They’re taking thyroid hormone. They’re just doing so much do their body that they might as well just basically starve the shit out of themselves, because why not?

The only reason to really eat enough food, eat a good amount of food is to have enough energy for their workouts. They’re are not really worried about losing muscle or anything else. It is just a known thing that those activity multipliers that you see are just too high.

The general rule is take whatever. Wherever you fall in the sedentary one, three hour, four to six hour [inaudible 38:36] whatever it is, whatever that multiplier is, reduce it by one-tenth.

If it’s a 1.3 multiplier, make it a 1.2. Unless you know you have a very fast metabolism, unless you’ve been one of those people that’s been lean your entire life. You’ve always had trouble gaining weight, you’ve always been eating a lot of food, then you probably could actually just stick with the normal multipliers or maybe you need to go higher.

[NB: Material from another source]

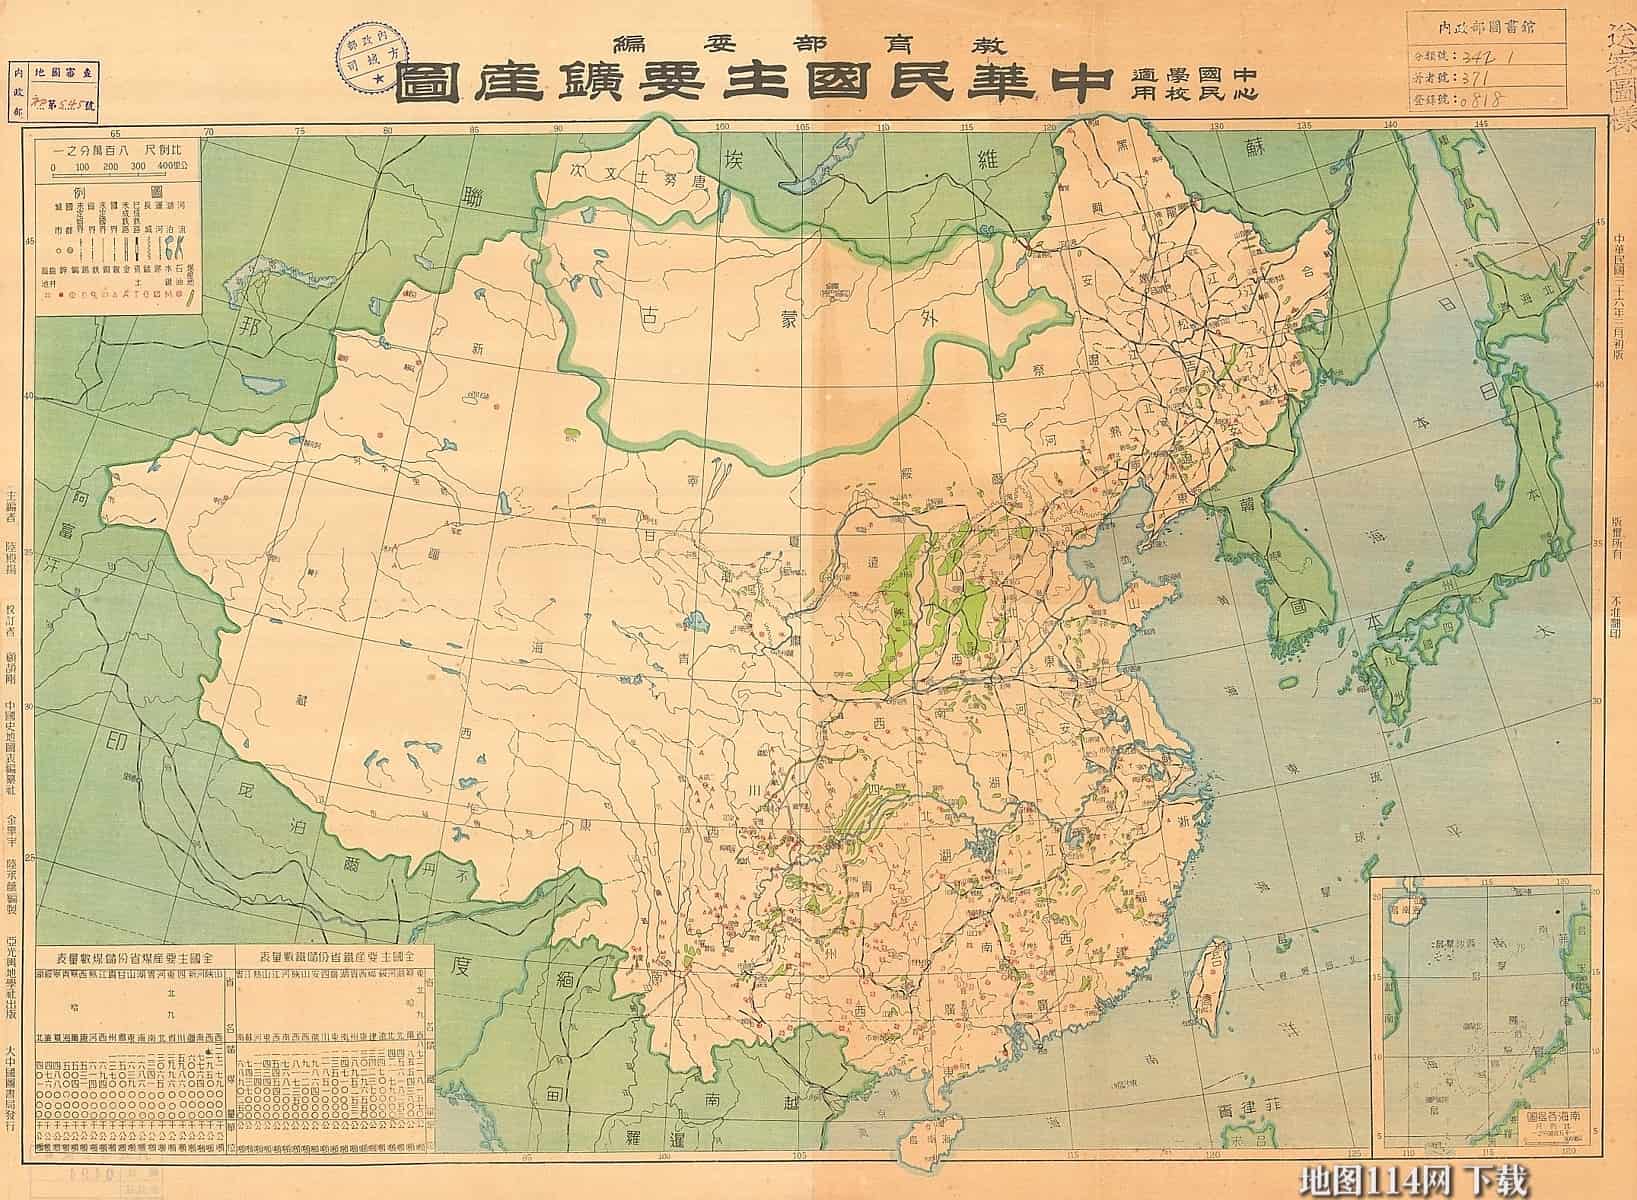 1947年中华民国主要矿场图.jpg

I do run into people every once in a while I run into guys, very fast metabolism, they have to eat a lot of food to gain weight. For the average person, if you take that activity multiplier and just reduce it by one-tenth in terms of decimal points, reduce the tenth slot by one, then that would be more accurate.

Another kind of common mistake regarding energy expenditure is just assuming that you’re burning more energy while exercising than you are. I like to use the activity multiplier method for turning my calories. It’s simpler. You don’t have to try to adjust things on a day to day basis.

At the end of every week, you can get the job done. I don’t see a real reason to make things more complex than it needs to be where you like, let’s say you’re doing one hour of exercise on one day, you’re doing two hours the next day, an hour and a half the next day, 30 minutes the next day, to try to change your intake every day and do it that way is just, I think it’s unnecessary complication.

Some people try to do that and then they run into the problem of accurately estimating calorie expenditure during exercise and fit bits and all those machines and all those little gadgets and cardio machines that have calorie output.

You can’t trust those things. They’re going to be wrong. You can just bet on that.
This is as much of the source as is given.